Conflicts of interest

V.S. is the founding director of QuSpin, a commercial entity selling OPM magnetometers. J.O. and C.D. are employees of QuSpin. E.B. and M.J.B. are directors of Cerca Magnetics Limited, a spin-out company whose aim is to commercialise aspects of OPM-MEG technology. E.B., M.J.B., R.B., N.H. and R.H. hold founding equity in Cerca Magnetics Limited. HS, FW, and TH are employees of Cerca Magnetics Limited.

Supplementary information

Beta band modulation with age for little finger stimulation:

(A) Brain plots show slices through the left motor cortex, with a pseudo-T-statistical map of beta modulation (blue/black) overlaid on the standard brain. Time frequency spectrograms show modulation of the amplitude of neuraloscillations (fractional change in spectral power relative to the baseline measured in the 2.5-3 s window). In all cases results were extracted from the location of peak beta power reduction during stimulation (in the left sensorimotor cortex). (B) Difference in beta-band amplitude (0.3-0.8 s window vs 1-1.5 s window) plotted as a function of age (i.e., each data point shows a different participant; triangles represent children, circles represent adults). Note the significant correlation (R2=0.23, p=0.00032*).
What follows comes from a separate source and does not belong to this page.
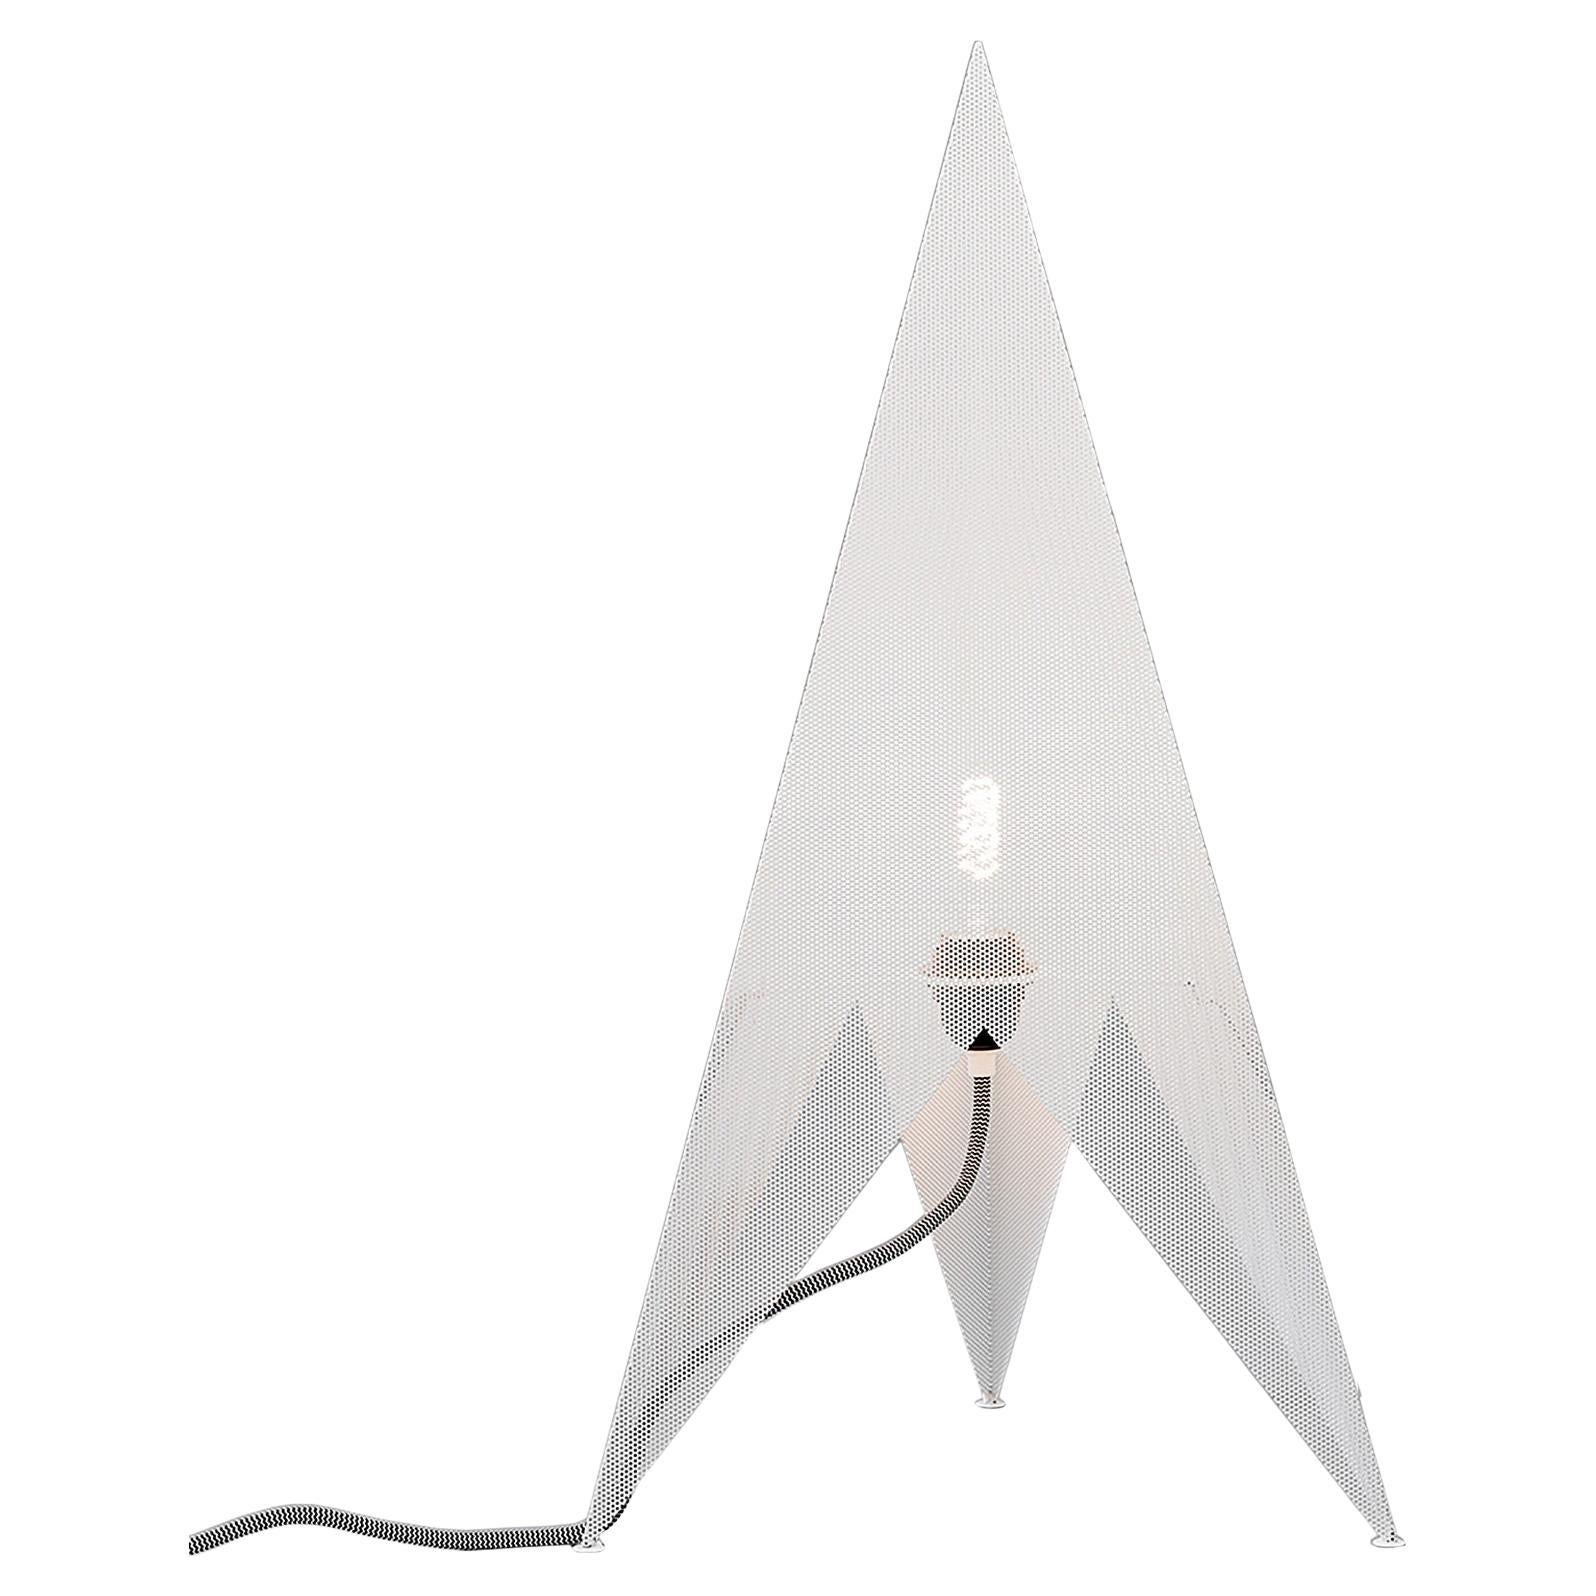 Perforated Metal Rocket Lamp, Designer Light, 28 in High For Sale

Spectral content of the non-burst states.

(A) Average non-burst-state spectra across groups. Shaded areas indicate standard error on the group mean. (B) Pearson correlation coefficient for the PSD values in (A) against age across all frequency values. Red shaded areas indicate 𝑝 < 0.01 (uncorrected). The four inset plots show example scatters of PSD values with age at select frequencies (3 Hz, 9 Hz, 21 Hz, and 37 Hz). Low-frequency spectral content decreases with age while high-frequency content increases. Results broadly mirror the frequency content and age relationships found in the burst state, however, features in the spectra corresponding to classical alpha and beta peaks are less prominent outside the burst state.